Hi, I was making liquid soap for the first time, and the test sample came out clear, but I had trouble with diluting, having to add water or soap paste a few times because either I added too much water, or there wasn't enough. I finally got it diluted correctly, and heated it up and neutralized it wih a borax solution, and it turned cloudy after that. I went ahead and just added the essential oils out of impatience, but is it safe to use, even if it stays cloudy? I know the ph strips can be off a few ranges, but it showed up at seven, so I'd imagine even if it's at an eight or a nine, it'd still be fine. Any help? Thank you.


----------



## Susie (May 27, 2015)

Hey and welcome!  

In order to really help, we need to know your recipe(in actual weights).  Did you zap test the paste?  If so, did it zap?


----------



## lanm1192 (May 27, 2015)

Susie said:


> Hey and welcome!
> 
> In order to really help, we need to know your recipe(in actual weights).  Did you zap test the paste?  If so, did it zap?



16.5 ounces olive oil
7 ounces coconut oil
5.5 ounces potassium hydroxide

I couldn't say the dilution rate at this point, but I ended up with about two pounds of soap which I added three table spoons of a borax solution to. I didn't zap test the soap paste, hough I have plenty left over. What exactly would I do? What am I looking for? Also, if needed, am I able to just add the paste back to the crockpot to cook from where I left off? It tested clear originally, but the entirety of the soap didn't become translucent, just part of it.


----------



## Susie (May 27, 2015)

I get a -5% superfat on your recipe, so you definitely needed to neutralize.  I think what you have is perfectly safe to use.  You may get it to clarify if you let it sit a couple of weeks.  Is the cloudiness just on the top in a layer?  
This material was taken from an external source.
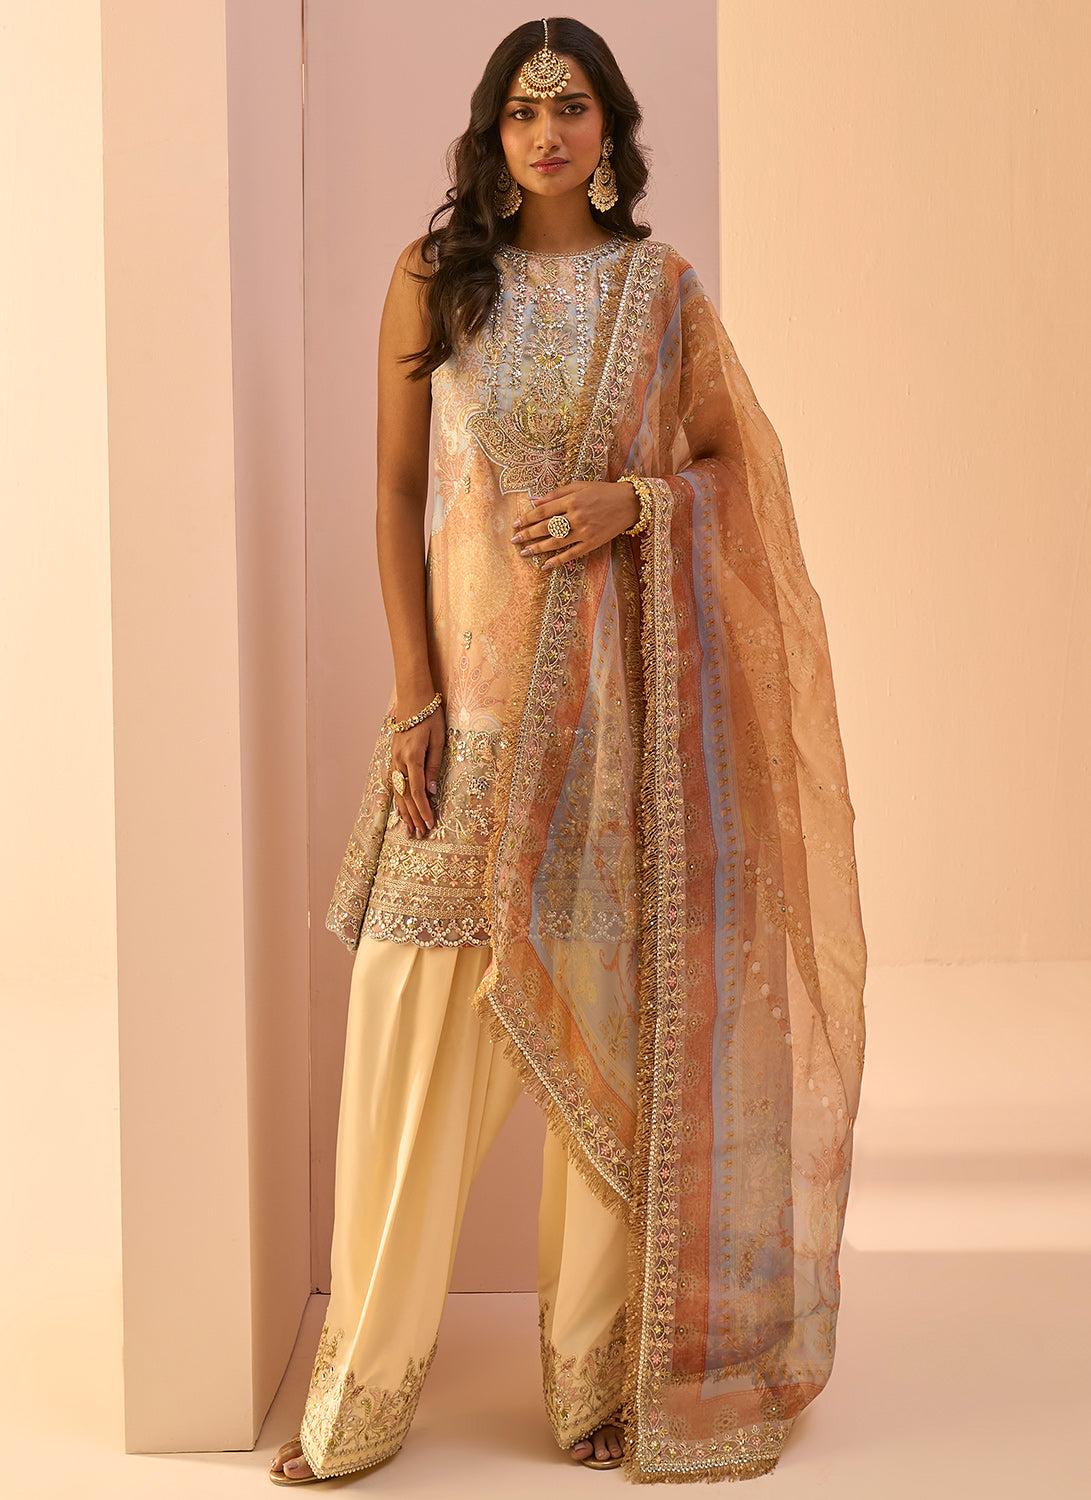 Plain Punjabi Suits With Banarasi Dupatta Designs ll Latest Simple Stylish  Look Ideas - YouTube
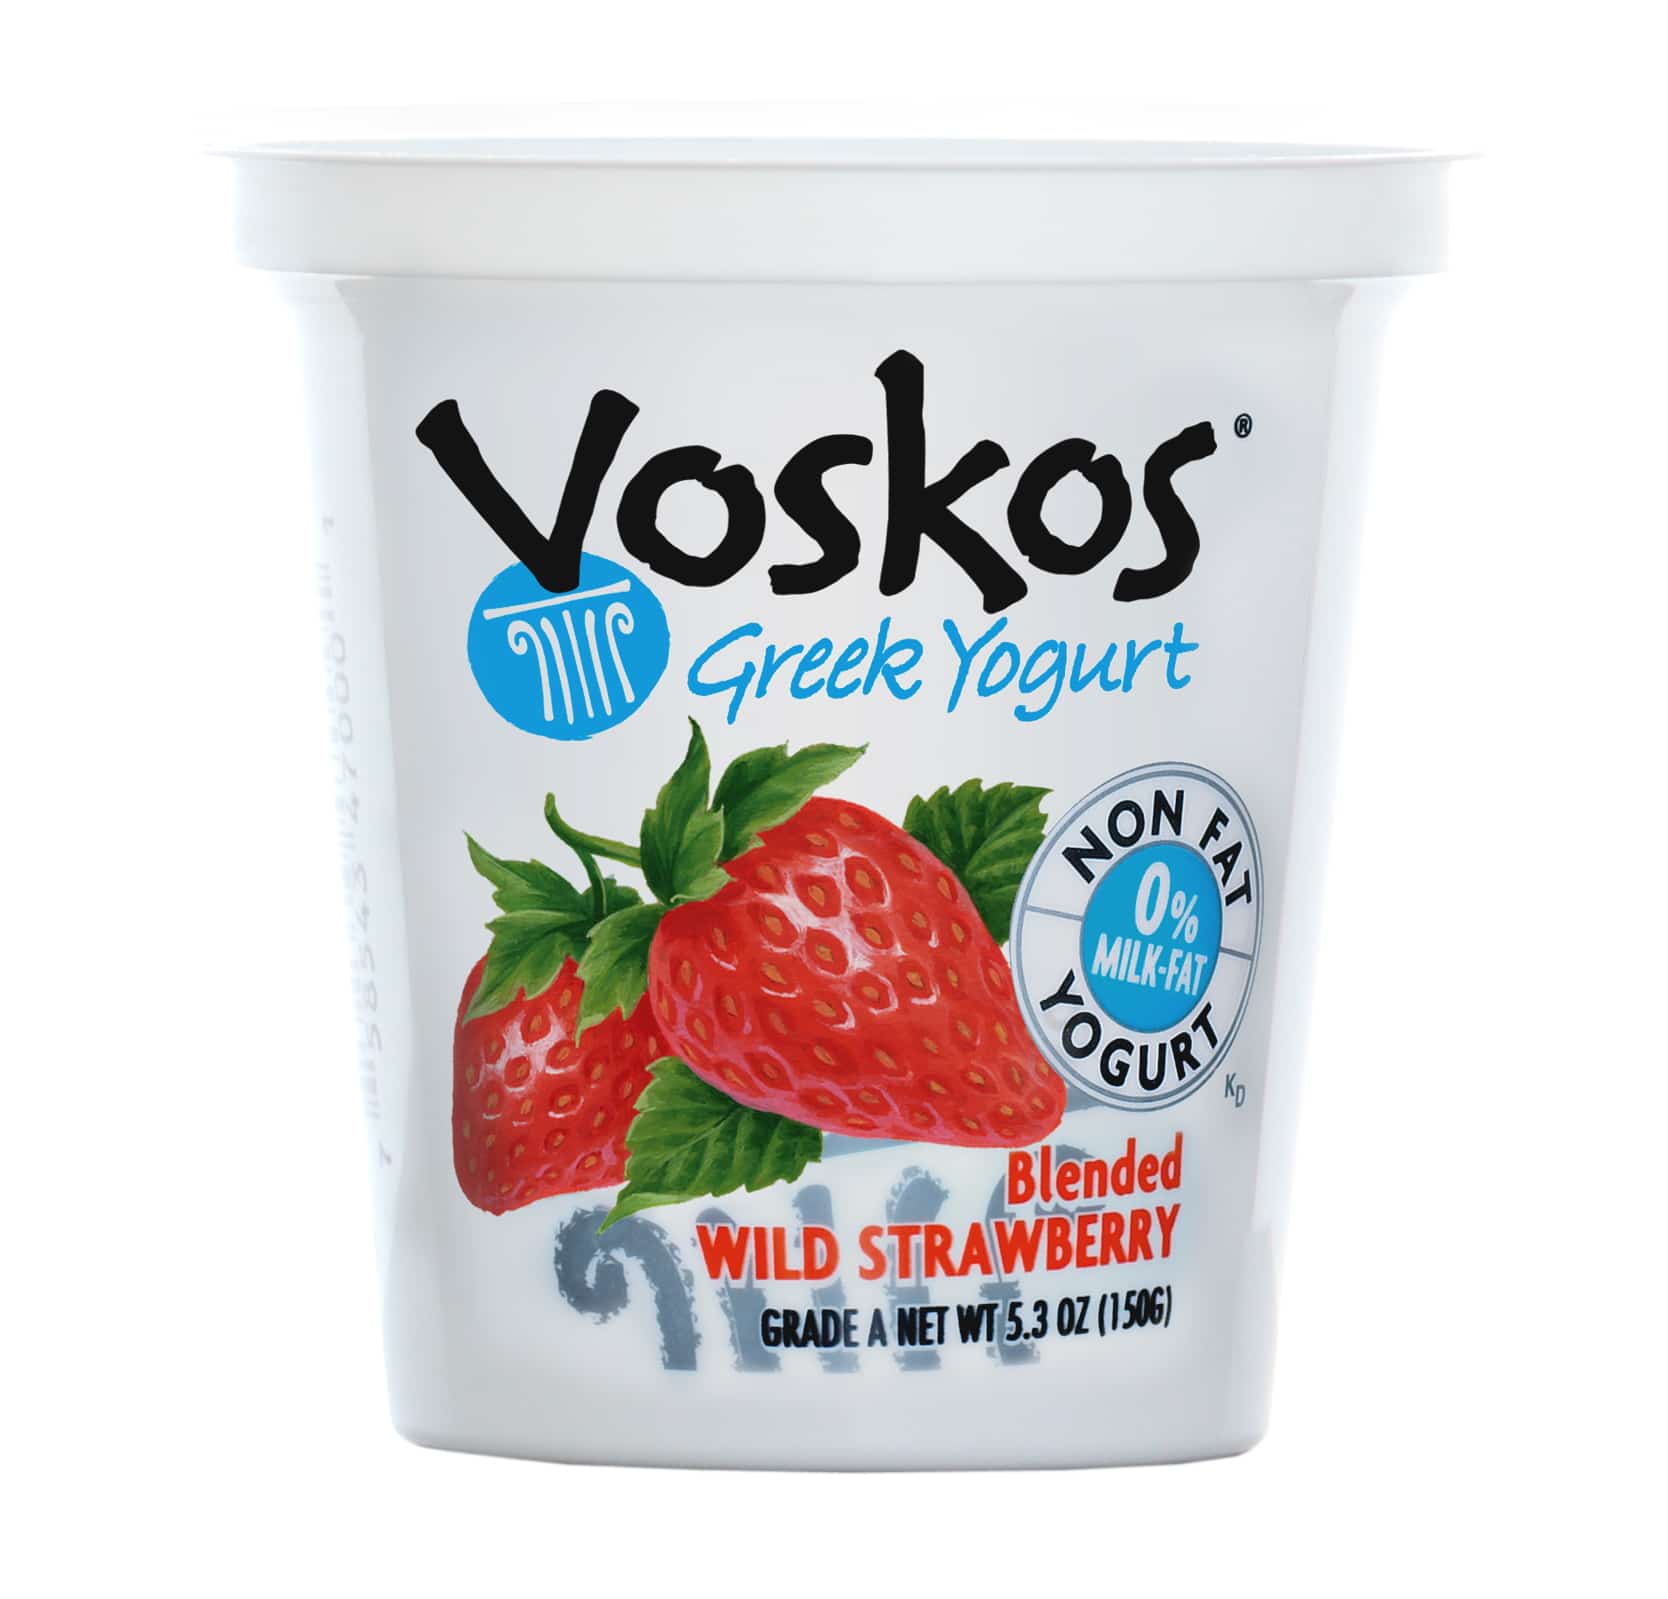 Voskos Greek Yogurt Offers New Snack Recipe: A No

You can make perfectly good soap that does not need to be neutralized.  Just use a lye calculator, and enter 0-3% superfat.  Not a negative superfat.  I prefer this one:

http://summerbeemeadow.com/sites/all/sbm_calc_input/calc_input_page_1.1.html

You will need to zap test your soap paste before dilution. You can't adequately measure pH in a soap using equipment at home.  To zap test, just pick a tiny bit up and touch the end of your tongue to it.(Or run a wet finger over the paste, then touch your tongue to the finger.)  If you get a zap like the feeling you get when you touch your tongue to a 9V battery that has a charge, then the soap is not safe to dilute.  It still has free lye in it.  You then need to let it cook more, or if you are doing CP, just let it sit a couple of more hours.


----------



## lanm1192 (May 27, 2015)

Susie said:


> I get a -5% superfat on your recipe, so you definitely needed to neutralize.  I think what you have is perfectly safe to use.  You may get it to clarify if you let it sit a couple of weeks.  Is the cloudiness just on the top in a layer?
> 
> You can make perfectly good soap that does not need to be neutralized.  Just use a lye calculator, and enter 0-3% superfat.  Not a negative superfat.  I prefer this one:
> 
> ...




Thank you. The entire soap looks like milk now lol. The cloudiness really doesn't bother me, unless there's some harm that may come from me using it. From what I understand, seauestering isn't necessary, right? So really, if it's just that it needs that, I'd rather just use the soap as is.


----------



## Susie (May 27, 2015)

I would go ahead and use it.  Congratulations, BTW!


----------



## lanm1192 (May 27, 2015)

Thank you!


----------



## Mildreds.naturals (Jun 4, 2015)

If it's milky, it probably was neutralized too much. You didn't mention how you made the borax solution so we can't tell if 3 tablespoons is enough. My guess is it was too much. LS tends to get milky when the PH drops way too far in my experience. Usually that means it won't work very well either, but give it a try.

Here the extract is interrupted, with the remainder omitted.